## Try it
Retype the lines below exactly, from the one that contains "Lee little Angel" through the last, and leave every picture out.

## Material provided
* * *

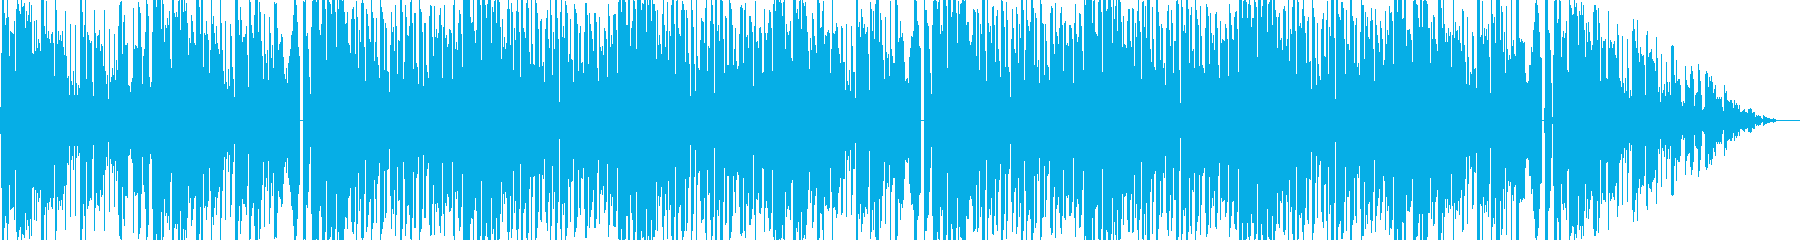 未来感のある煌びやかなエレクトロBGMの再生済みの波形
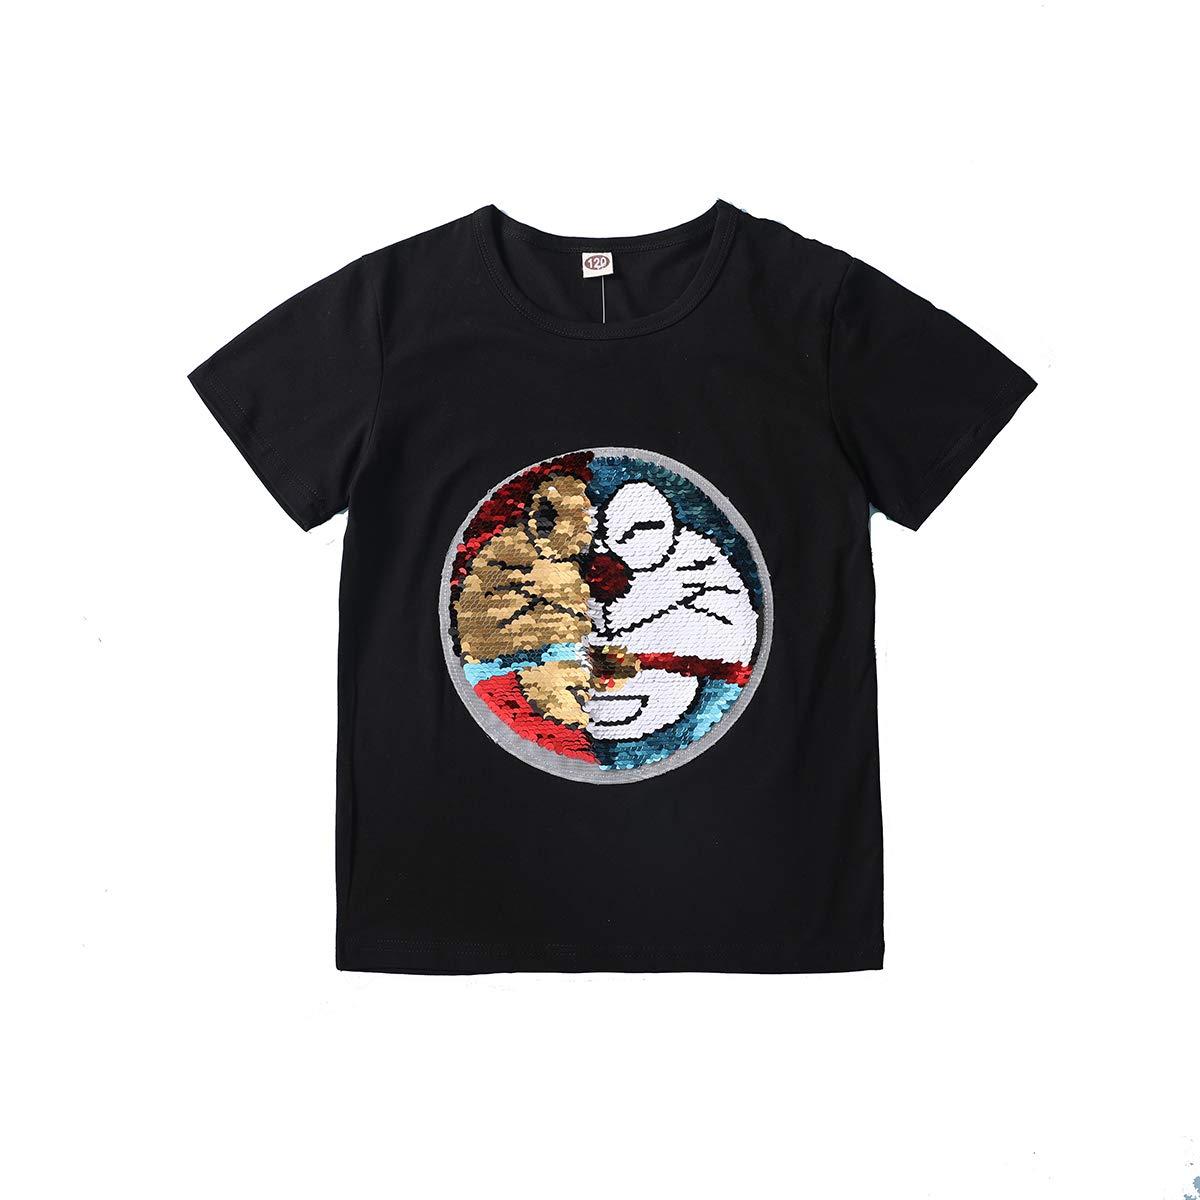 Lee little Angel Maglietta Felpa con Paillettes magiche per Bambini e Ragazzi Maglietta Top Pullover di Cotone per Bambini (3-13 Anni)
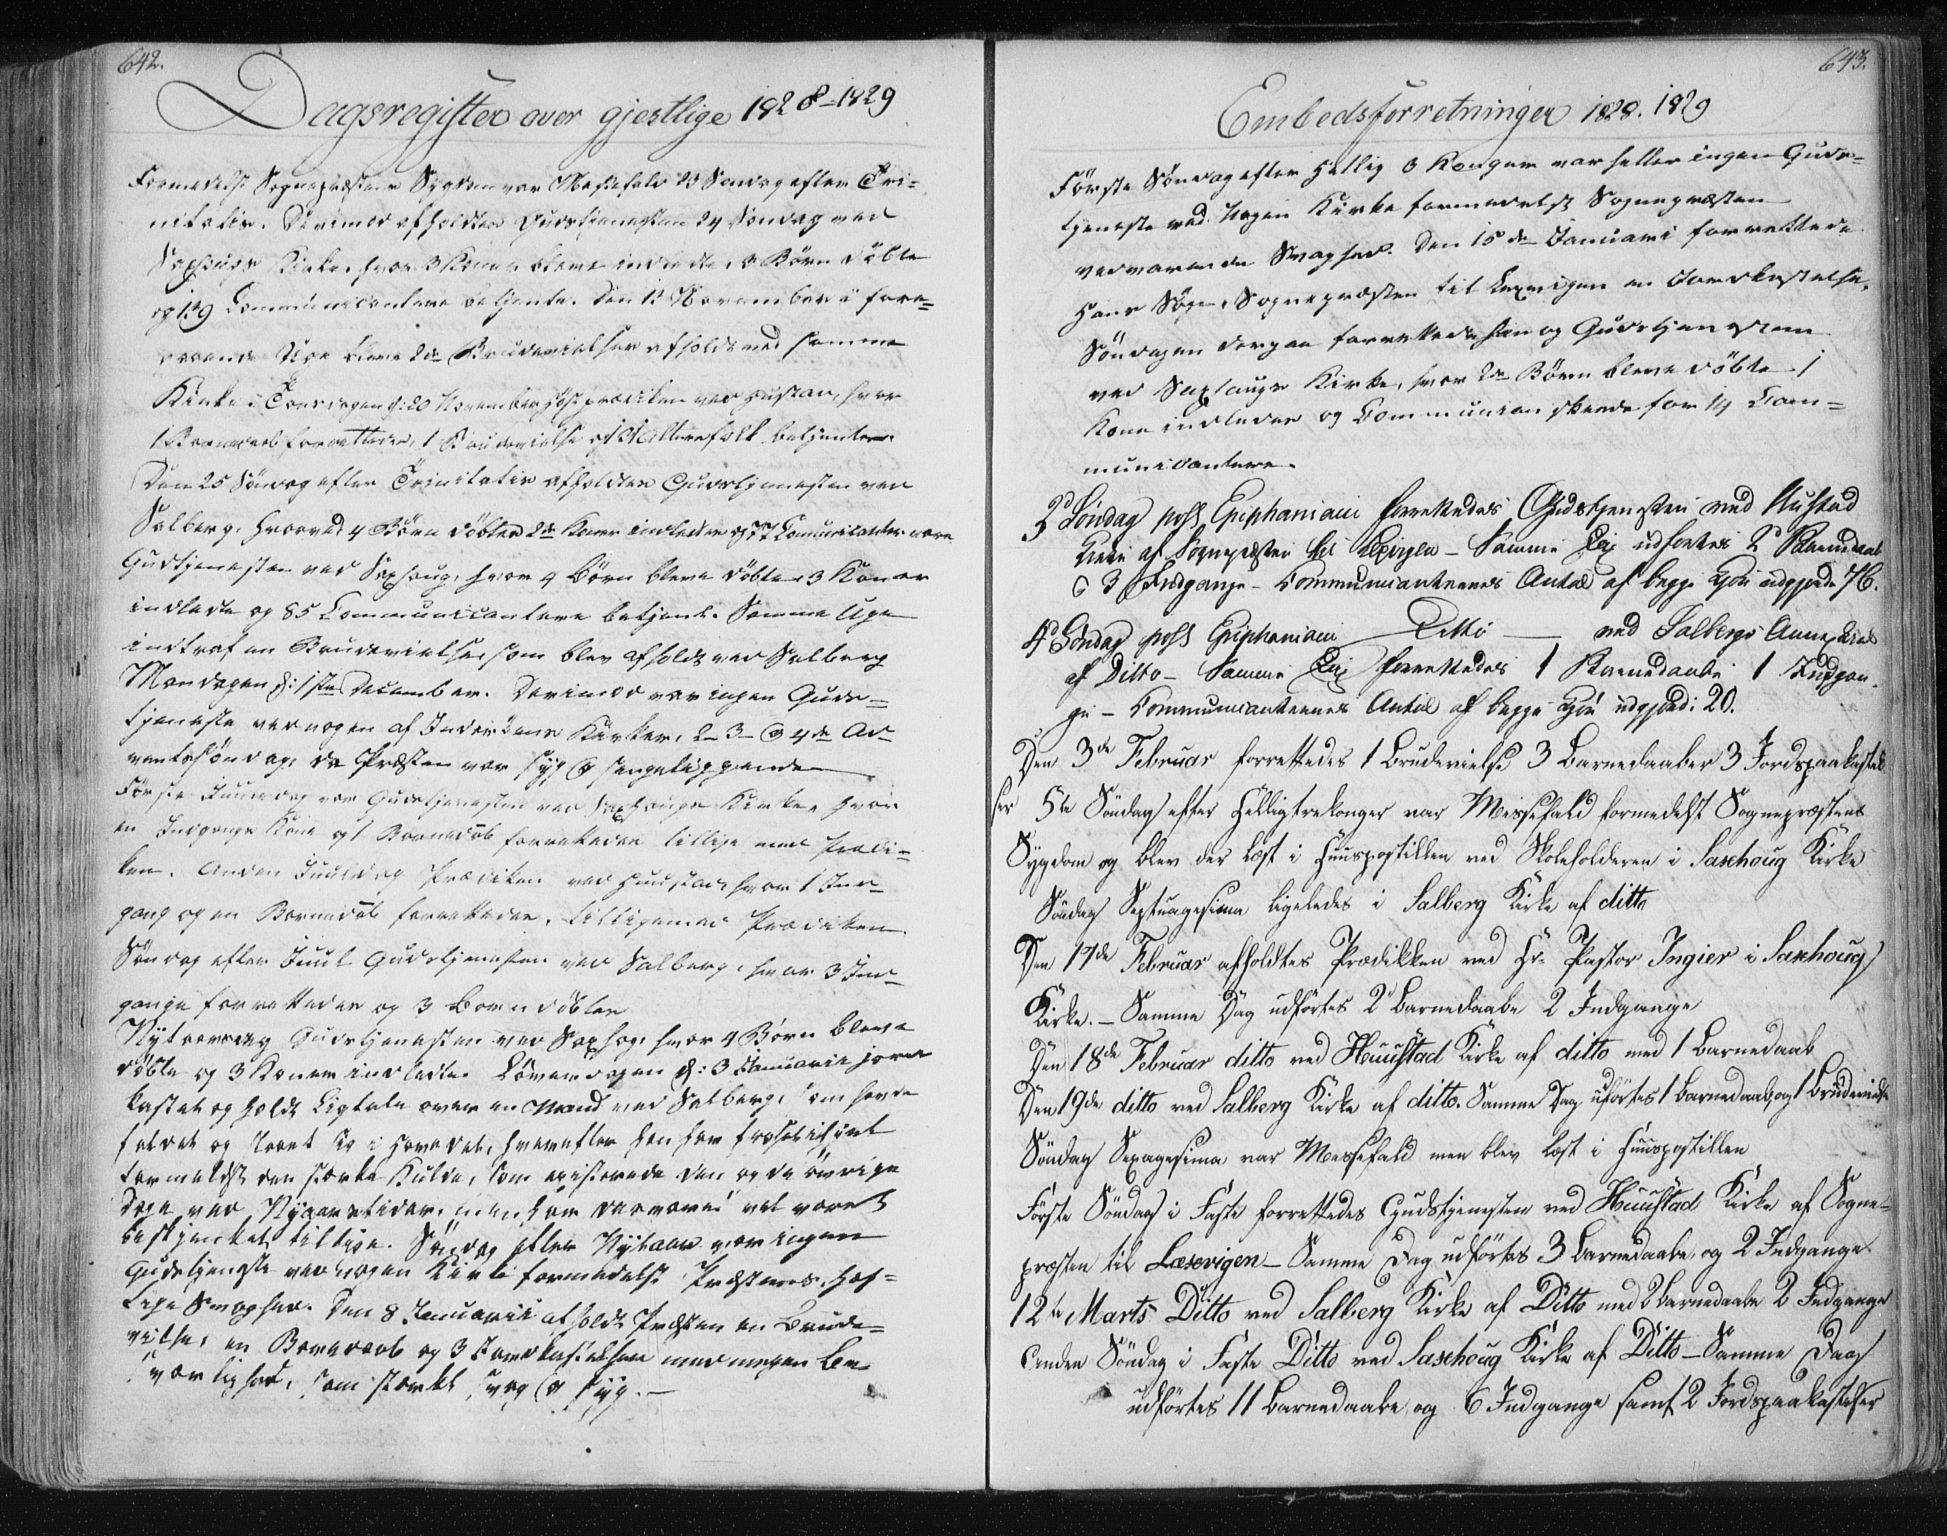 SAT, Ministerialprotokoller, klokkerbøker og fødselsregistre - Nord-Trøndelag, 730/L0276: Ministerialbok nr. 730A05, 1822-1830, s. 642-643

* * *

## Result of this task
 Lee little Angel Maglietta Felpa con Paillettes magiche per Bambini e Ragazzi Maglietta Top Pullover di Cotone per Bambini (3-13 Anni)
 SAT, Ministerialprotokoller, klokkerbøker og fødselsregistre - Nord-Trøndelag, 730/L0276: Ministerialbok nr. 730A05, 1822-1830, s. 642-643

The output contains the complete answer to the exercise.